TGF-β Pathway Inhibition Improves Hematopoietic Deficiency and Immune Imbalance By Repairing Endothelial Progenitor Cell Function in Aplastic Anemia

Background: Aplastic anemia(AA), one of bone marrow(BM) failure syndromes, is a rare and life-threatening disease. However, the pathogenesis of AA remains to be elucidated and therapeutic strategies need to be further established. Our recent studies reported the dysfunction of BM endothelial progenitor cells(EPCs), one of critical components in BM microenvironment, are involved in hematopoiesis defect and immune imbalance in hematopietic dysfunction-related diseases, including AA(2016Blood, 2022Haematologica, 2022BMC Med, 2023Sci China Life Sci). Therefore, unveiling the mechanism underlying BM EPC dysfunction may provide a potential target for alleviating AA. Hyperactive TGF-β signaling is reported to inhibit the proliferation of hematopoietic stem cells(HSCs) and lead to BM failure in mice, while TGF-β inhibition promotes hematopoietic recovery. Latest studies indicate one of TGF-β signaling inhibitors, luspatercept, promotes erythroid maturation in patients with myelodysplastic neoplasms and β-thalassaemia. However, whether TGF-β inhibition could restore hematopoiesis and immune status via repairing BM EPCs, and therefore provide a potential therapeutic option for AA patients remain to be elucidated.

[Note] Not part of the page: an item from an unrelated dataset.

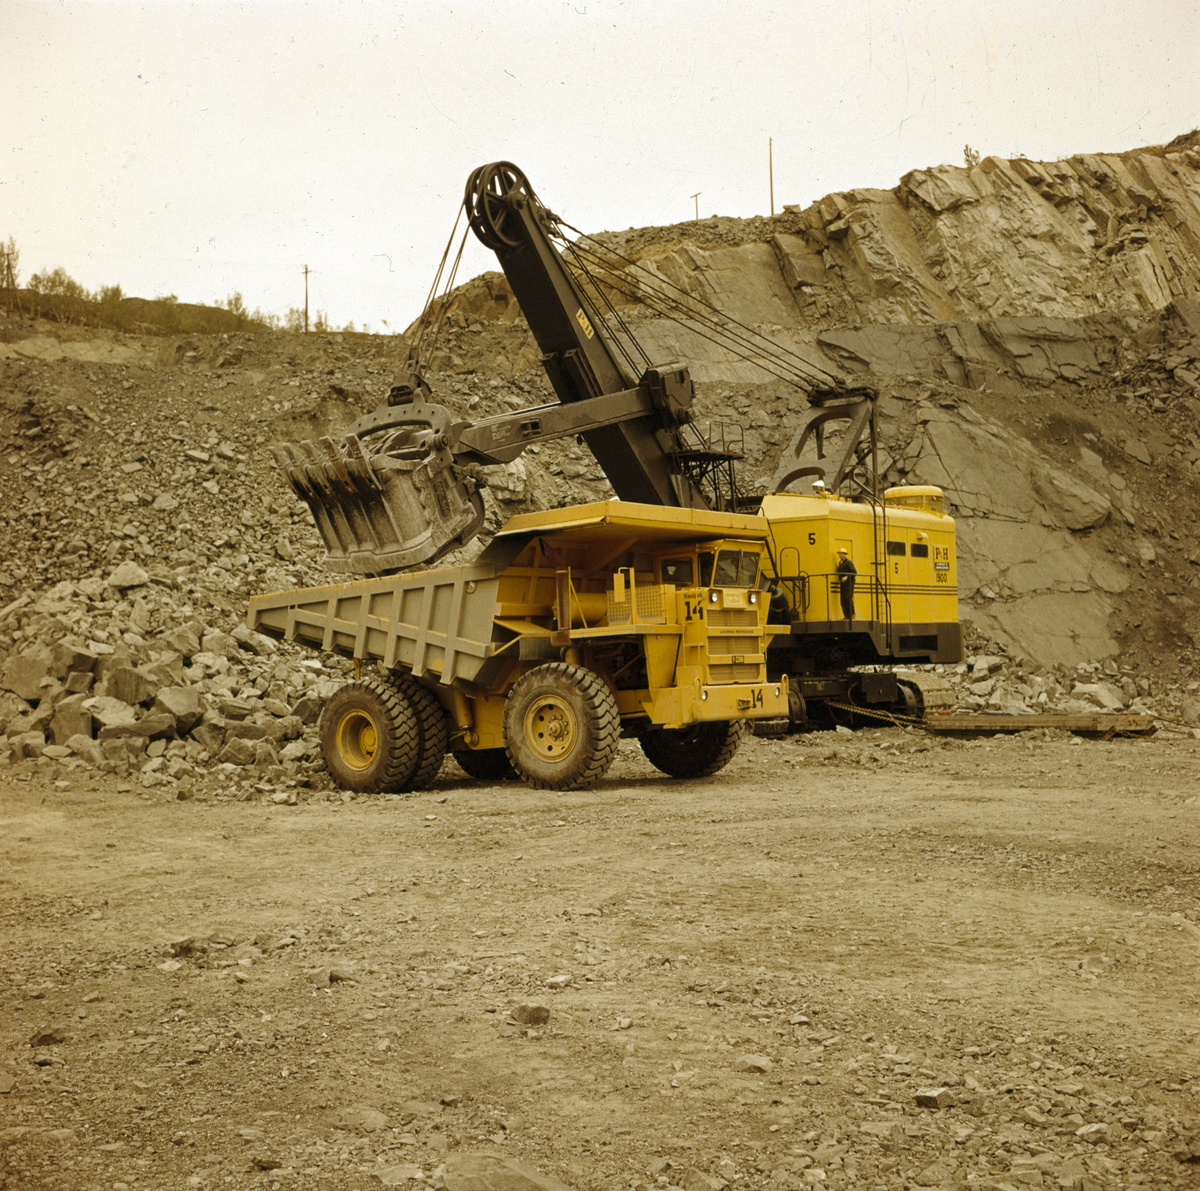 Foto av 60 tonns lastebil i arbeid...Fra fotografens originalemballasje:.60 Tonns lastebil.A/S Sydvaranger..Kirkenes.Aug 65.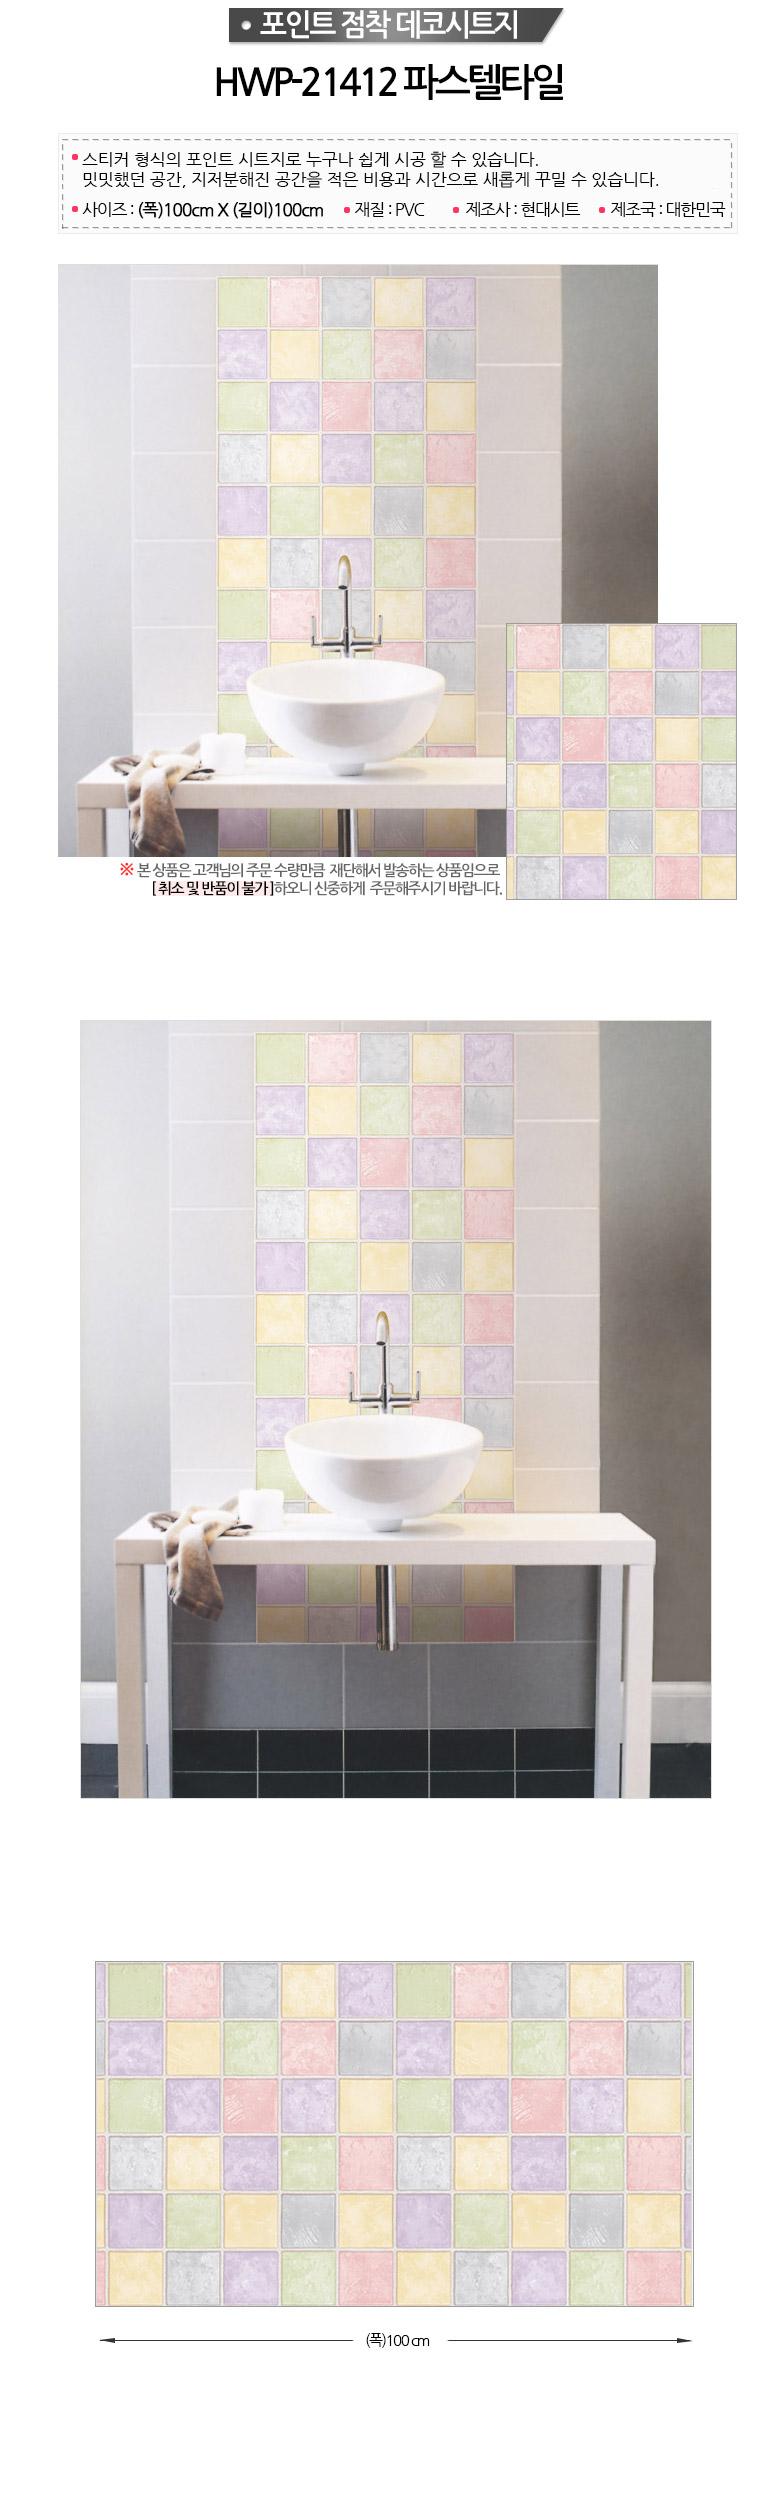 HWP-21412 프란시스2 - 케이알인터내셔날, 7,700원, 벽지/시트지, 단색벽지

Aims: To investigate whether TGF-β signaling is activated in BM EPCs of AA patients compared with healthy controls(HCs). Moreover, to explore whether activation of TGF-β signaling in EPCs impairs their biological functions in regulating homeostasis of HSC and T cell differentiation. Finally, to determine whether TGF-β inhibition could restore their multi-lineage hematopoiesis and immune balance via repairing BM EPCs in AA.

Methods: A prospective case-control study enrolled AA patients and their age-matched HCs to compare the expression levels of TGF-β1 and TGF-βRI using flow cytometry. BM EPC functions were evaluated by proliferation, apoptosis, migration and tube formation assays. Direct-coculture systems of EPCs and CD34⁺ or CD3⁺ cells were used to examine the hematopoiesis-supporting and immune regulation capacity of EPCs, respectively. An impaired EPC model derived from HCs induced by TGF-β1 and a classical AA mice model were established to further validate the role of TGF-β signaling in regulating hematopoiesis and immunological status in vitro and in vivo. Finally, RNA-seq analysis and qRT-PCR were performed to validate previous findings.

Results: Compared to HCs, decreased and dysfunctional EPCs with hyperactive TGF-β signaling, which are characterized as decreased double stained cell numbers, reduced angiogenesis and migration capacities, higher apoptosis ratio, impaired HSC-supporting ability and imbalanced T cell differentiation-supporting ability, were observed in AA patients, which could be improved by TGF-β inhibition. Consistently, the same findings were observed in an impaired EPC model triggered by TGF-β1 in vitro. Furthermore, AA mice presented the damage in BM endothelial cells with activated TGF-β signaling, whereas TGF-β inhibition restored hematopoietic defect and rebalanced T cell subsets via repairing endothelial cells, thus contributing to a better performance in peripheral blood including increased erythroid and megakaryocytic lineages. Mechanismly, RNA-seq and qRT-PCR analysis further validated TGF-β signaling is involved in BM EPC dysfunction in AA patients.

Summary/Conclusion: We found for the first time that dysfunctional BM EPCs with hyperactive TGF-β signaling are involved in AA, whereas inhibition of TGF-β could promote multi-lineage hematopoiesis recovery and immune balance in AA via repairing dysfunctional EPCs. Our study suggests TGF-β inhibitors, including luspatercept, might be a potential therapeutic strategy for AA patients, which provides a rationale for further clinical trials in AA patients to validate our preliminary findings in the future.